Spleeter – software to generate “stems” from final mix

  • This topic is empty.
Viewing 15 posts - 1 through 15 (of 26 total)
  • Author
    Posts
  • #397297
    DragRedSim
    Participant

      This came across my timeline today, and I immediately thought it would be useful for this community.

       

      https://github.com/deezer/spleeter

       

      This is a tool that claims to be able to split sources into “stems” via similar techniques to some of Harmonix’s post-RB4 DLC output, by isolating the frequencies of each part. The difference is that it attempts to do so automatically using machine learning, with a dataset already having been created.

       

      This may be useful in producing better-sounding customs. Hopefully it will help some of you still out there authoring!

      #507722
      jerrylive365
      Participant

        Very interesting. Will have to give this a look.

        #507729

        i didn’t know I needed this in my life

        #507730

        I’m interested to see what kind of results people get with this software.

        #507743
        MrPrezident
        Moderator

          Very cool! Thanks for sharing this info.

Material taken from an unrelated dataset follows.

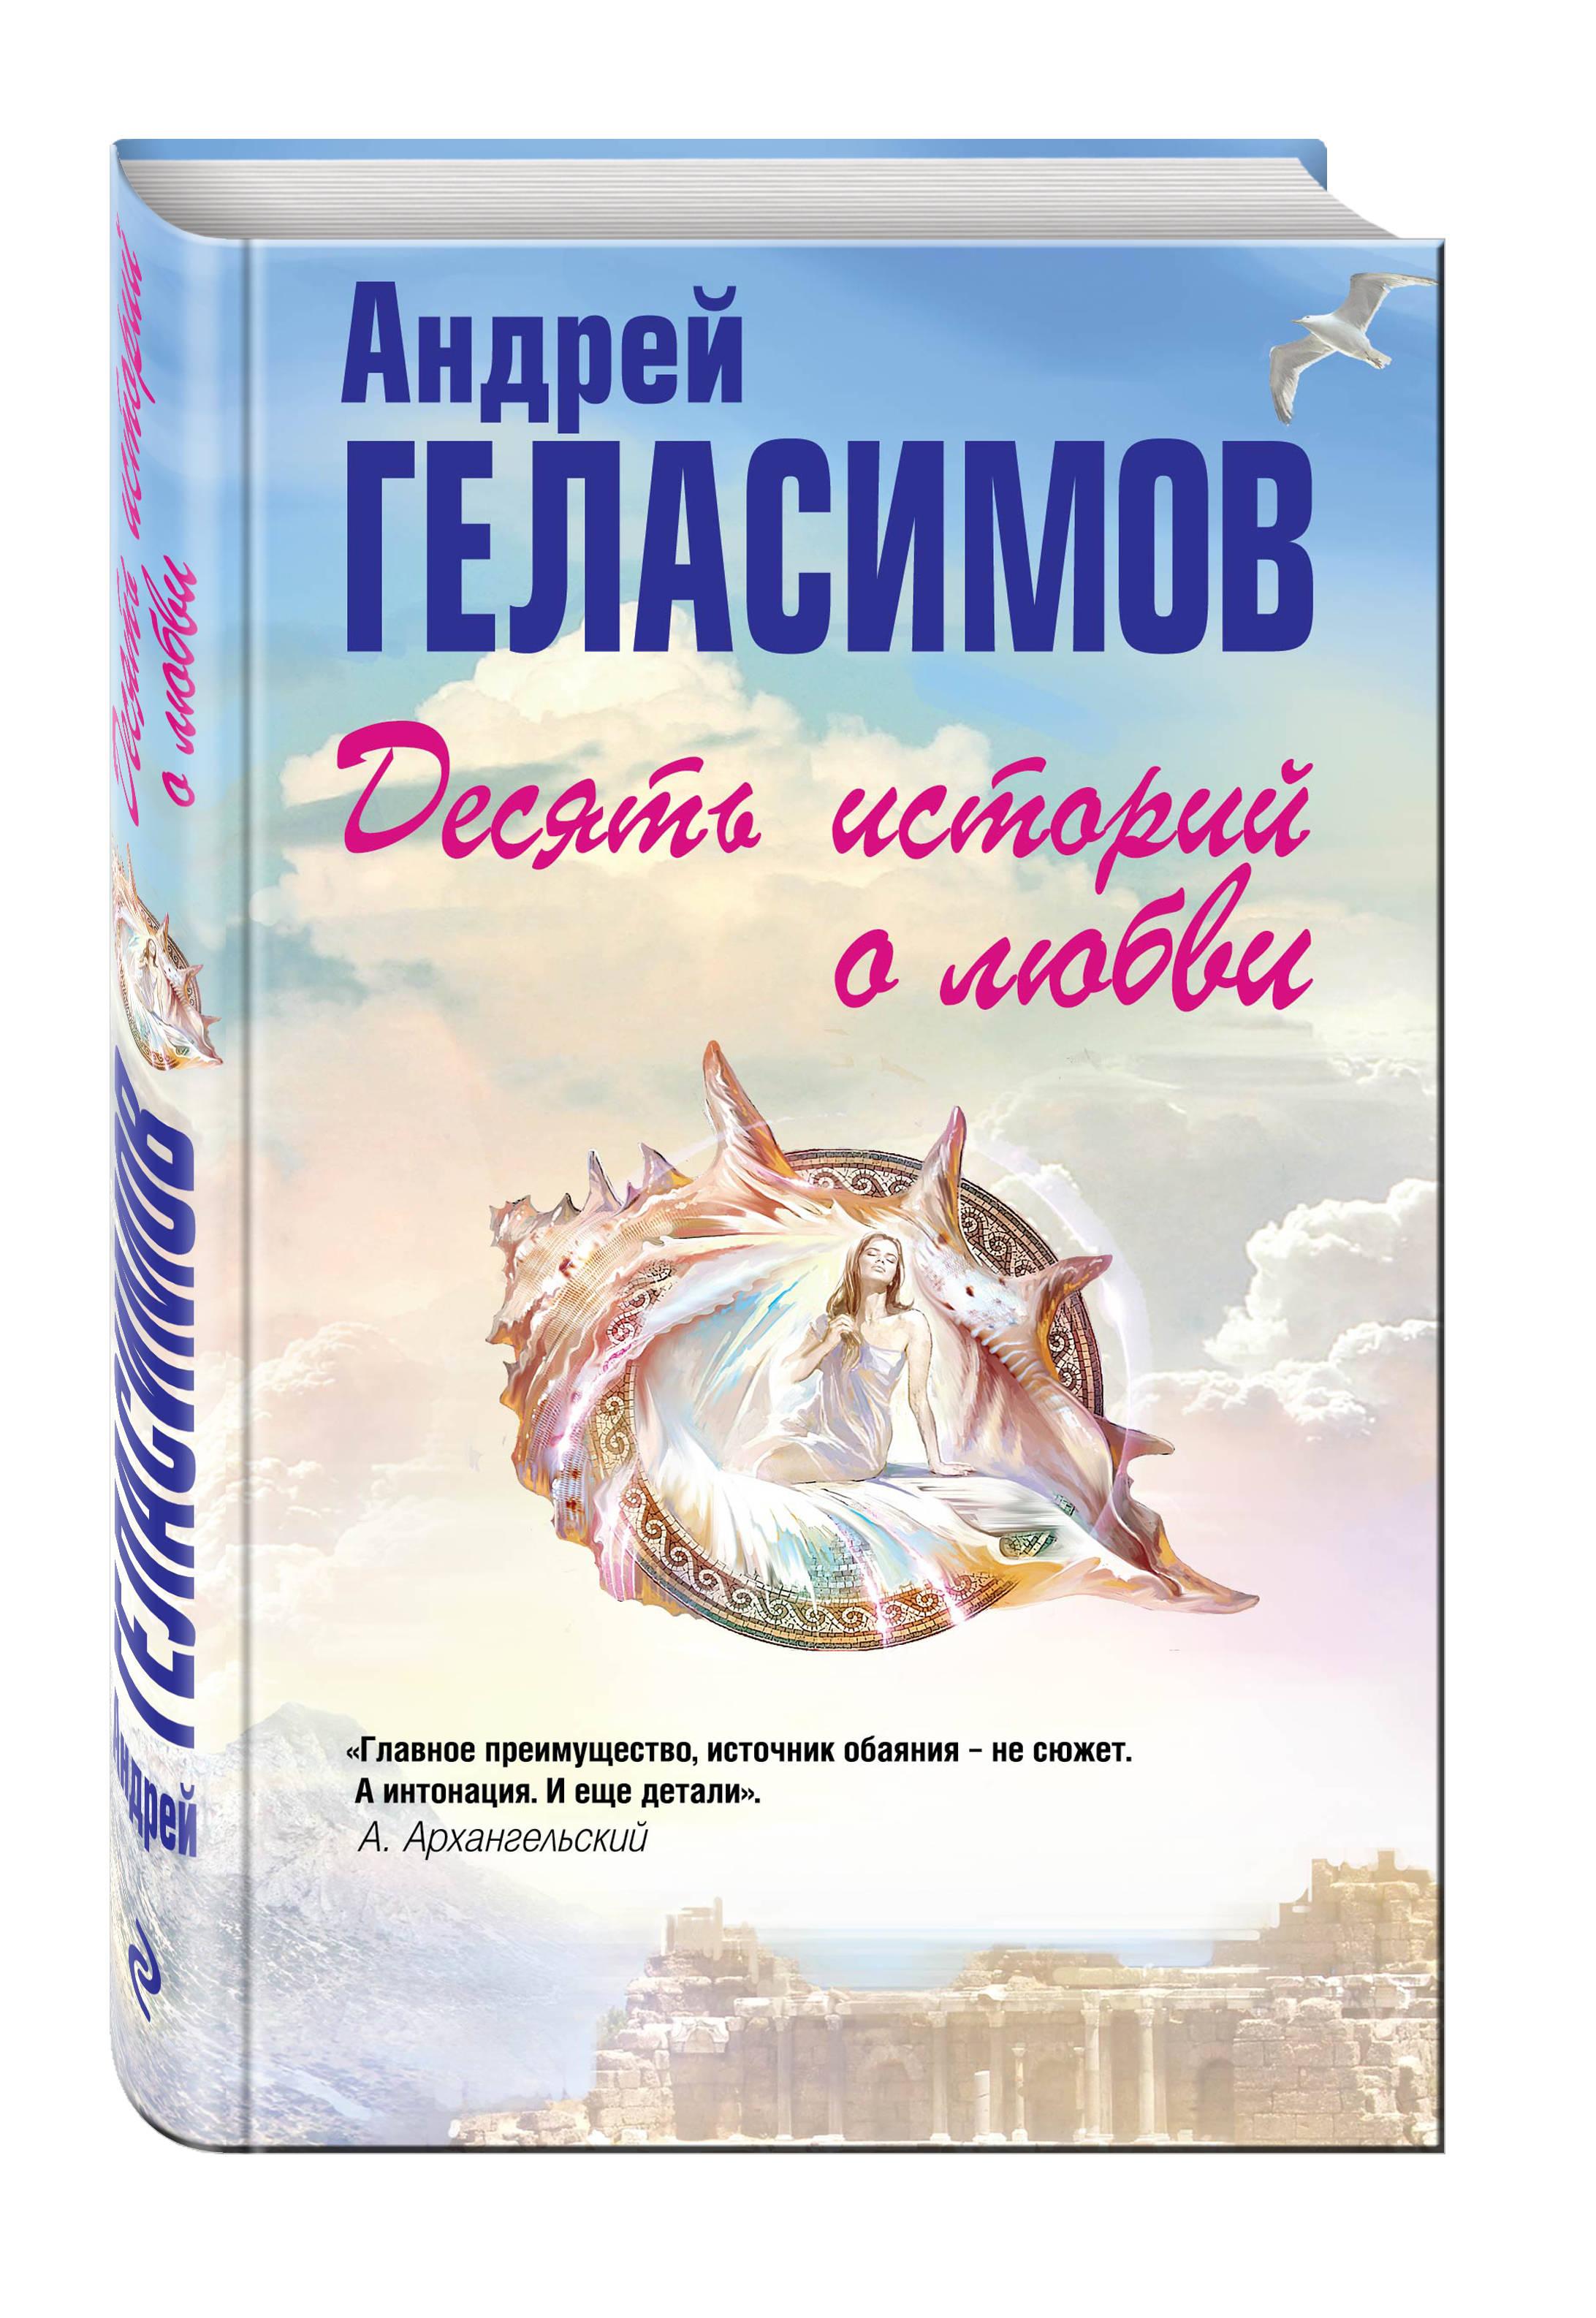 Геласимов А.В. Десять историй о любви ISBN: 978-5-699-83869-1 эзотерика о любви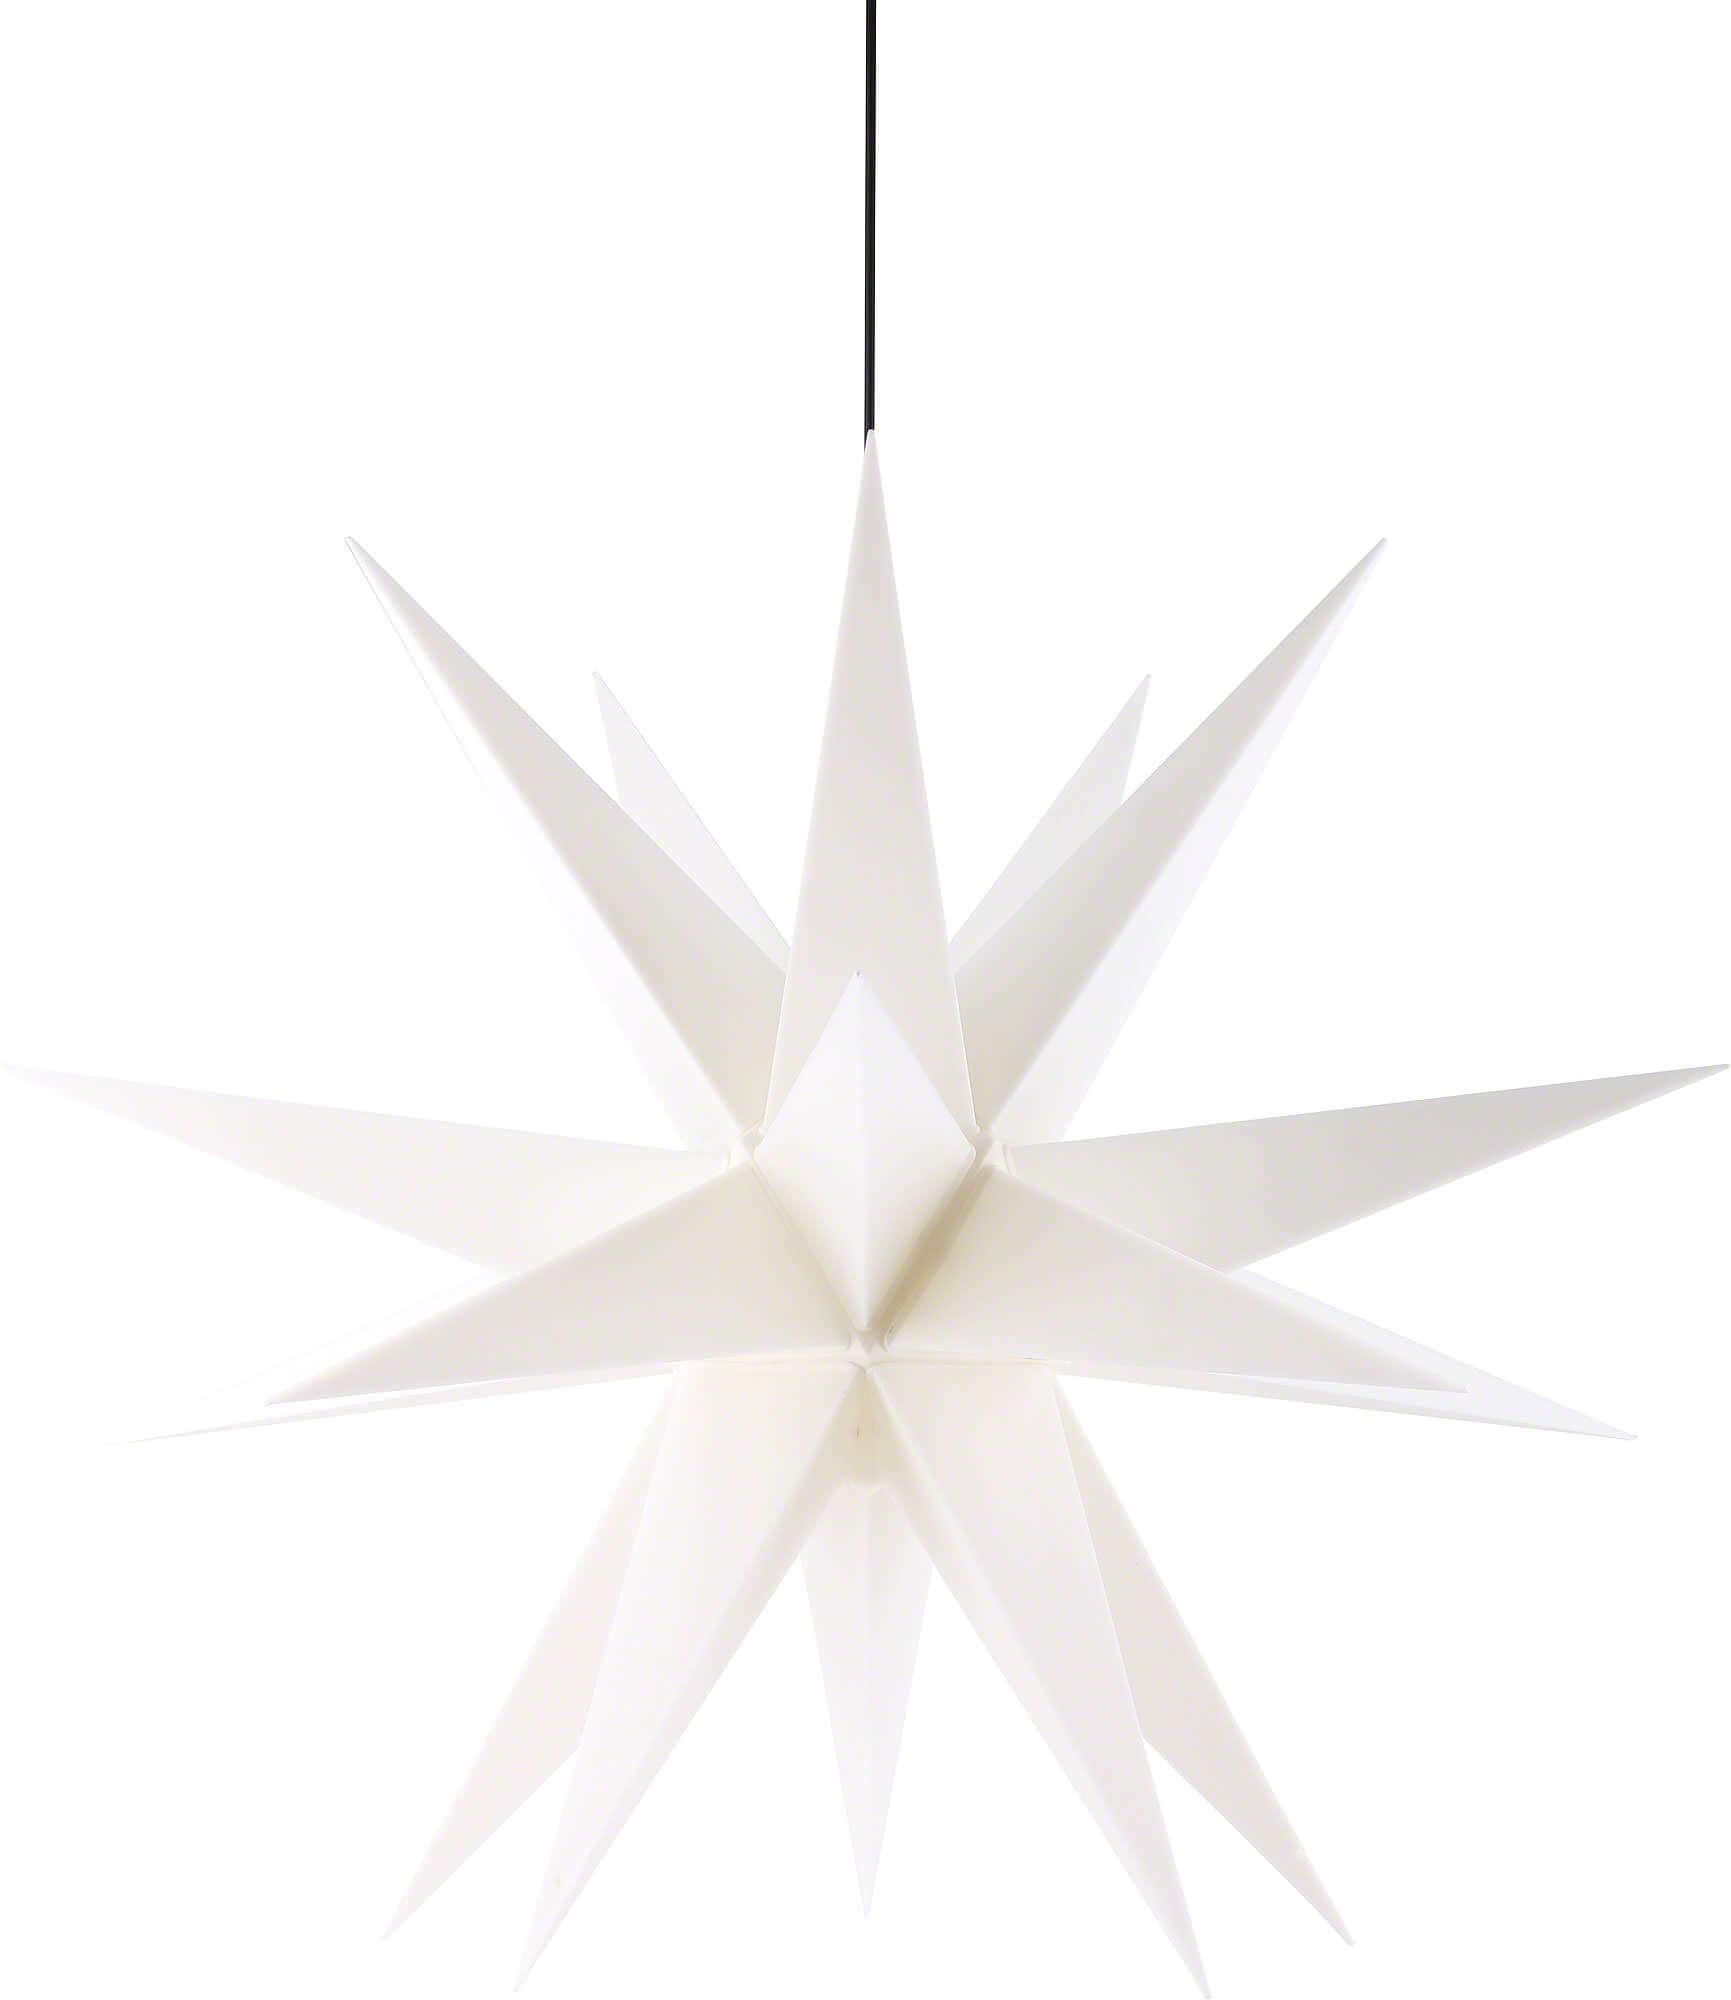 Saico WS2005 LED-Weihnachtsstern Ø 60cm weiß

          Keeping the content Canadian since 2017!

          SomeOldGuys: https://db.c3universe.com/songs/all/__user/someoldguys
          MrPrezident: https://db.c3universe.com/songs/all/__user/MrPrezident

          #507748
          ataeaf
          Participant

            I have trouble getting this to work. Either the audio files aren’t produced or they end way too early.

            #507758
            Anonymous

              This came across my timeline today, and I immediately thought it would be useful for this community.

               

              https://github.com/deezer/spleeter

               

              This is a tool that claims to be able to split sources into “stems” via similar techniques to some of Harmonix’s post-RB4 DLC output, by isolating the frequencies of each part. The difference is that it attempts to do so automatically using machine learning, with a dataset already having been created.

               

              This may be useful in producing better-sounding customs. Hopefully it will help some of you still out there authoring!

               

              Hmmm… Linux Based?! – this is real challenge too hunt down the bugs, very thanks for this :smug: :smug: :smug: :rock: :rock: :rock:

              #507772
              yaniv297
              Keymaster

                I’ve been using RX7 for this and results have generally been good, especially for drums and vocals.

                #507790
                StackOverflow0x
                Participant

                  I tried this and I’m just blown away by how easily it outputs great results! Drums and vocals have turned out really well! Bass too. Basically free karaoke versions of songs with this tool for the most part. And for the bass extraction, that should help for charting since it’s usually the hardest to hear and comes out fairly well too.

                  #507810
                  Shroud
                  Participant

                    Bah, doesn’t work for me…

                     

                    I always get “WARNING:spleeter:cannot reshape array of size 0 into shape (0)” which sounds like a low-level python error, but all I am doing is their basic suggested command for separating 2,4 or 5 stems.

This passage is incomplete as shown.